WHAT YOU NEED TO DO – Everything in the data should be repeated exactly, save for the images.
━━━ DATASET CONTENT ━━━
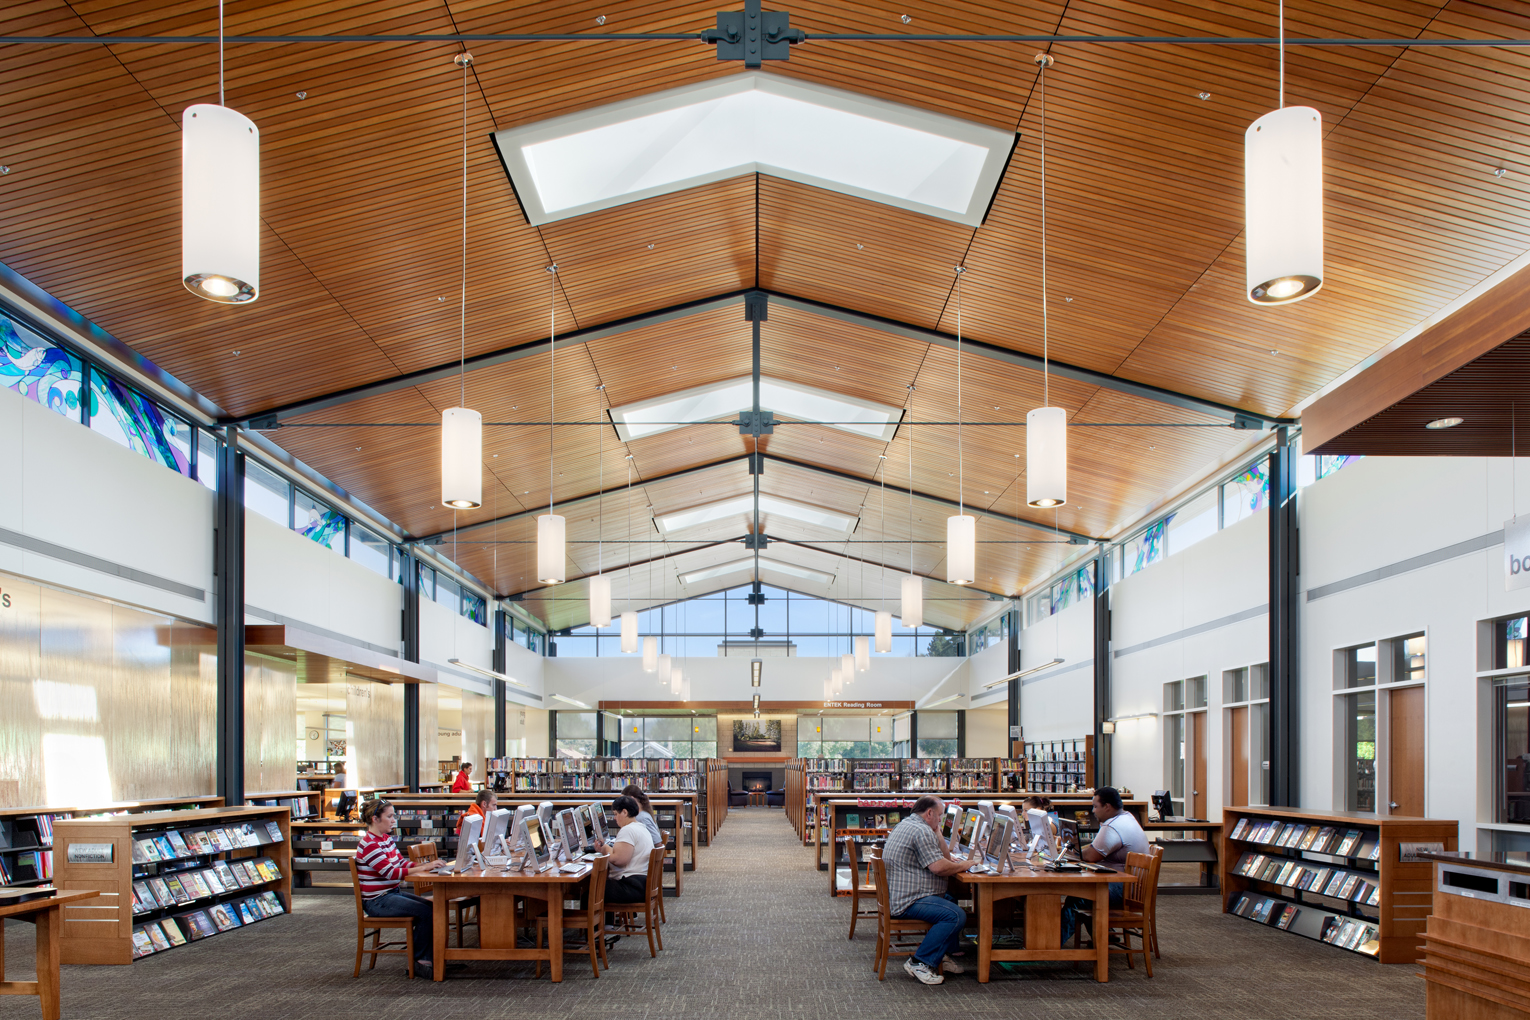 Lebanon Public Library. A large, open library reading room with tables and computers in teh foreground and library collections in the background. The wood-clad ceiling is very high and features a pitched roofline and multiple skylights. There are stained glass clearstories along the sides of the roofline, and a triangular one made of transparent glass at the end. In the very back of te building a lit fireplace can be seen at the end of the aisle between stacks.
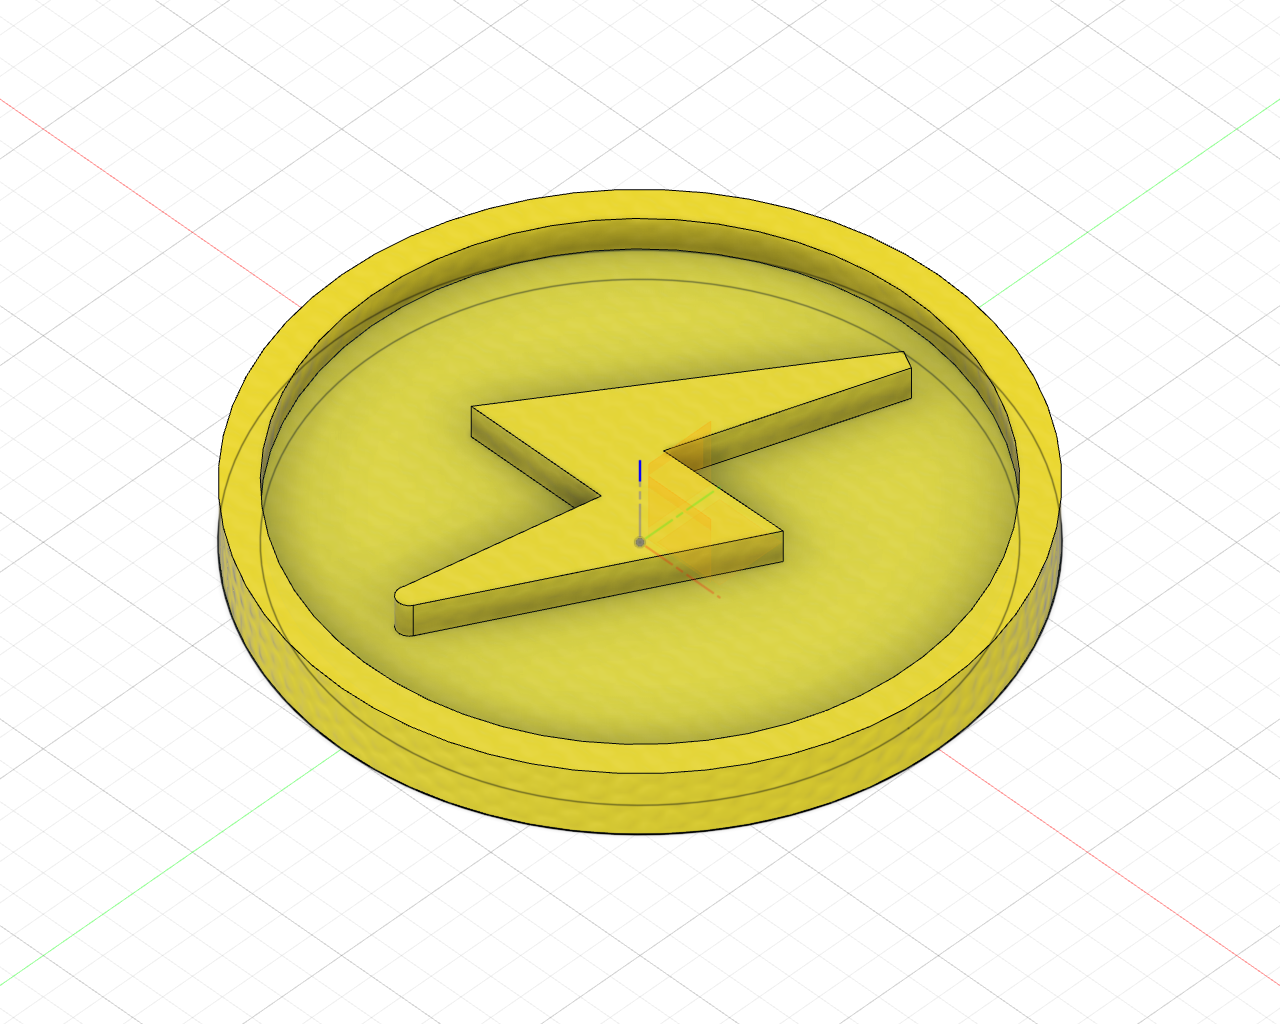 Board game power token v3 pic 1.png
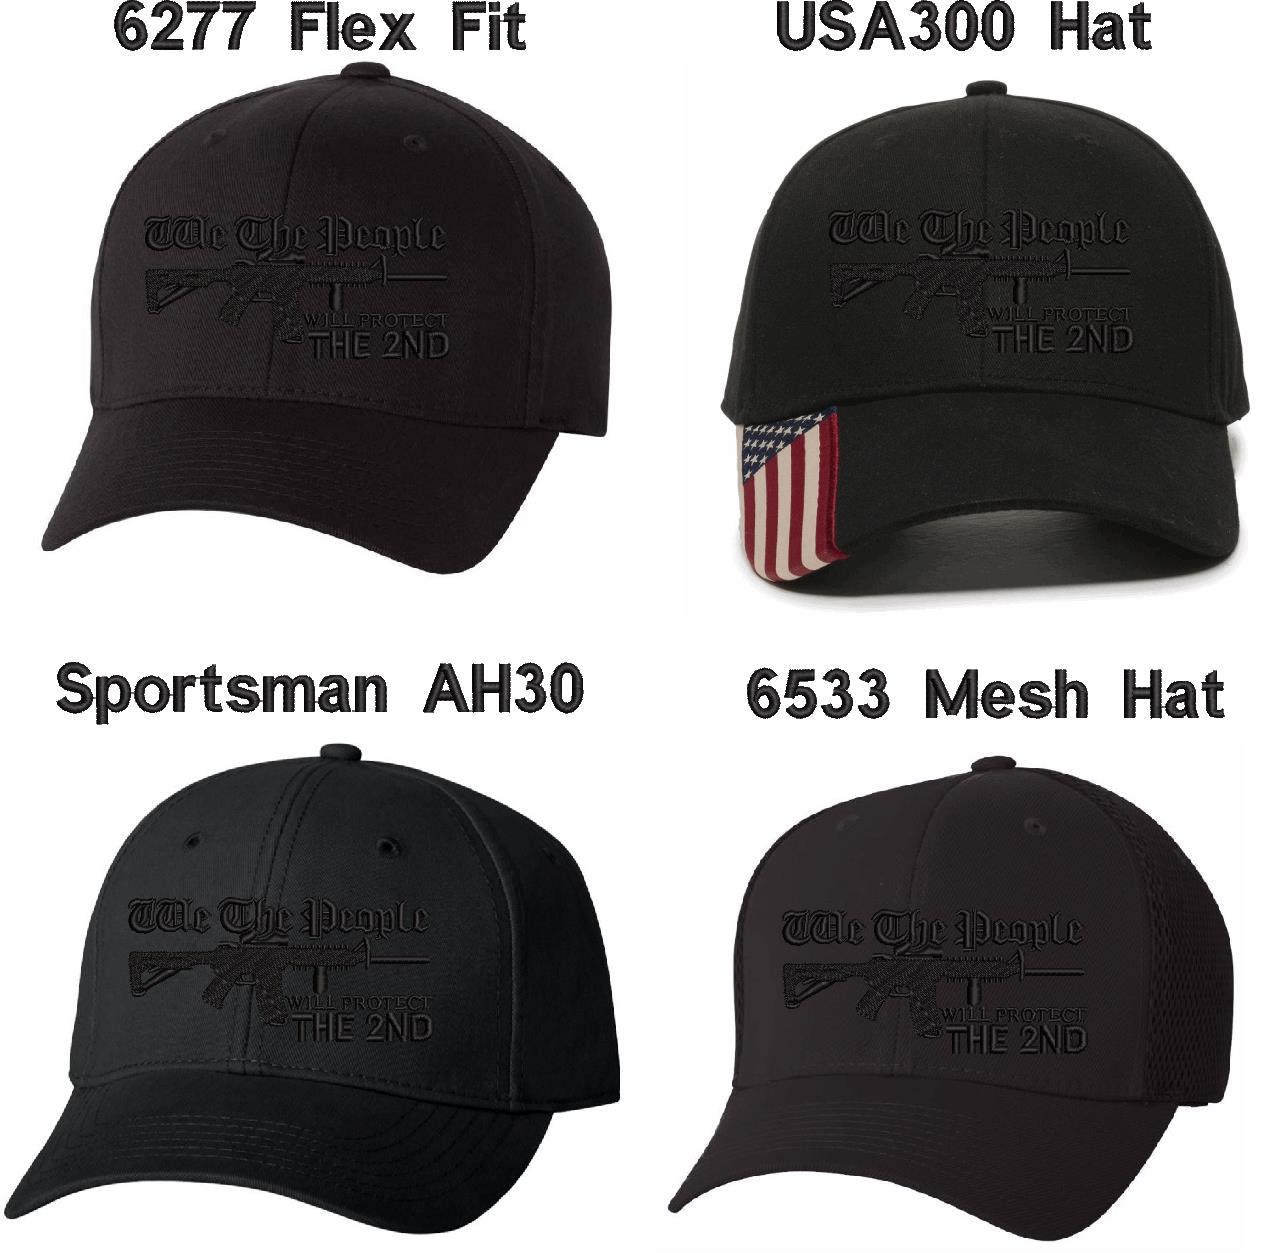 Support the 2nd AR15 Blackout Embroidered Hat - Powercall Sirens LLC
━━━
SOLVED EXERCISE –
 Lebanon Public Library. A large, open library reading room with tables and computers in teh foreground and library collections in the background. The wood-clad ceiling is very high and features a pitched roofline and multiple skylights. There are stained glass clearstories along the sides of the roofline, and a triangular one made of transparent glass at the end. In the very back of te building a lit fireplace can be seen at the end of the aisle between stacks.
 Board game power token v3 pic 1.png
 Support the 2nd AR15 Blackout Embroidered Hat - Powercall Sirens LLC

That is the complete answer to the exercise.